How Bernice copes with the loss of her daughter:
"By the time I'm home from work my husband has the truck loaded with shovels, picks, rubber boots, mosquito repellent and off we go right from work," she said. "There's no time for my children or my grandchildren … I know I have to find a balance."
Photographs last placed Jennifer at a house party in Grand Rapids, Man., about 418 kilometres north of the family's home. Jennifer was last seen getting into a truck and was reportedly dropped off somewhere along rural Highway 6, her mother said.
The 18-year-old's remains have never been found but RCMP have ruled the case a homicide.
"There's a difference between missing and murdered," Bernice said. "When somebody's missing that means they're lost, they're somewhere.… There's a big difference not knowing where Jennifer is."
While thoughts of what happened to Jennifer play over and over in her mind, Bernice says her pursuit for justice has faded. These days, she and her husband just want closure.
"It's not 'Who did it?' or 'What happened?' It's 'Let me have her,'" she said. "I'd do anything to find her."
'No relationship' with RCMP
What hasn't seemed to change over the last decade is the Catcheway family's relationship with Manitoba RCMP.
It's been broken from the start, the parents say.
When Bernice first visited the local RCMP detachment to report Jennifer missing in June 2008, she alleges an officer told her to "give it a week" and that her daughter was 18 and probably "on a drunk."
Bernice said she and other relatives continued to visit and contact the local detachment, but officers did not take a statement until at least five days later.
From that first day, she and her husband took matters into their own hands. They made and delivered posters, collected surveillance video and have conducted dozens of their own interviews with people over the years.
Most of the evidence they have collected on the case they have shared with RCMP and filed in storage in California, Bernice said.
As of today, the family does not even know the detectives assigned to her daughter's case.
"There's no relationship," she said, adding the detective who had been tasked with her case was moved to another project.
"I haven't as much as spoken to the investigators that are on her case now. That's how much communication we have. I don't know him, never met him, never spoken to him."
RCMP respond
In an email, a spokesperson for Manitoba RCMP said "the RCMP investigation into the homicide of Jennifer Catcheway is ongoing and assigned to a team of investigators within our Major Crime Services unit."
It goes on to say, "the new team is reviewing the case and will continue to investigate, which will include contact with the Catcheway family."
The spokesperson confirms the new team of detectives, who were tasked with the case in November 2017, has not reached out to the family but did not elaborate why.
"There are a number of variables that go into how and when we communicate with a family, and we work on that directly with the family … the investigation is not being ignored."
Jennifer's father disagrees.
"I feel like the information on Jen is just collecting dust," he said.
'We'll find our daughter'
Given how he and his family feel they've been dismissed over the years, Wilfred can't help but wonder whether systemic racism within police forces — and society in general — is why so many cases involving missing and murdered Indigenous women remain unsolved.
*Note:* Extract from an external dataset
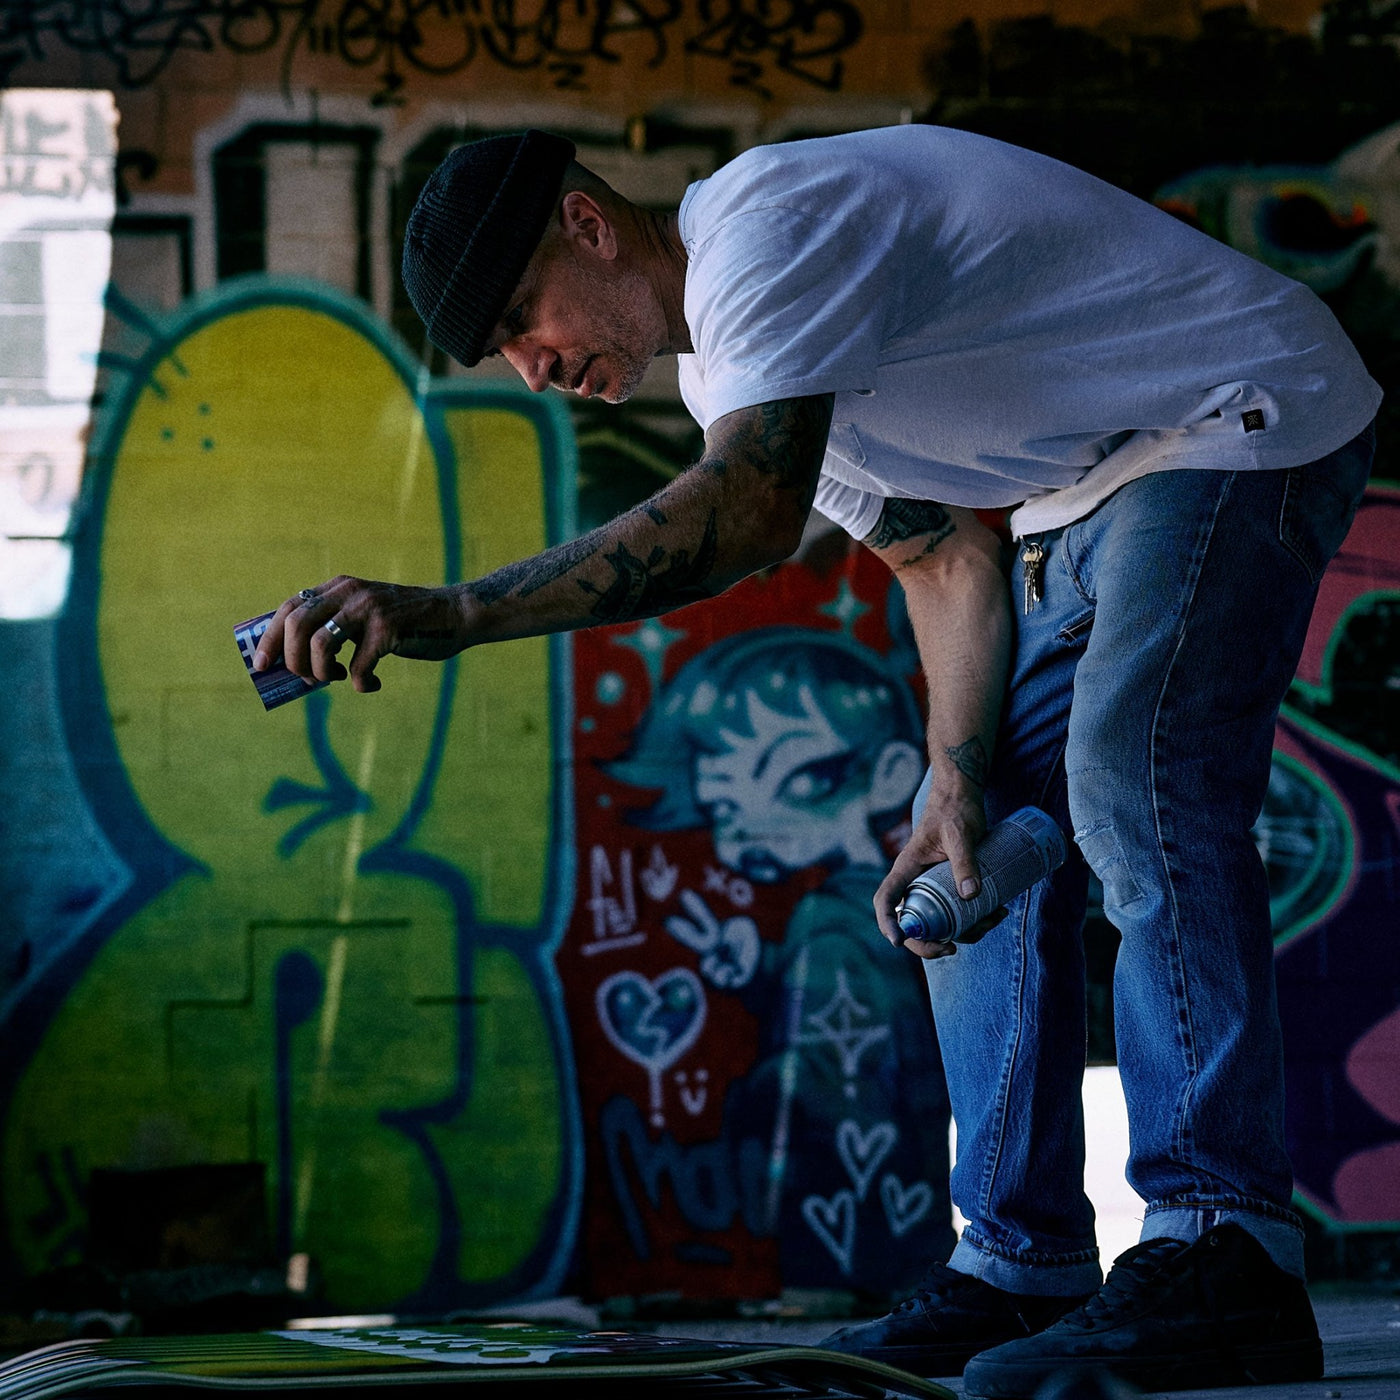 Jamie Thomas splashing paint onto a skateboard on the ground

"The time frame is so important when somebody goes missing. The police have to act on it right there and then it's so crucial," he said.
Both hope more transparency and communication between police and families is something that comes from Canada's national inquiry into missing and murdered Indigenous women and girls.
"We have to have open dialogue," he said. "Whoever is on the individual's case, and you're assigned to this family, then communicate with the family … we should be on the same page."
For now, as they prepare for the 10th anniversary of their daughter's disappearance, it's the faith and hope that they will bring their daughter home that keeps them going.
"I don't need them [the police], that's what I feel like," Bernice said.
"We're on our own. We'll find our daughter."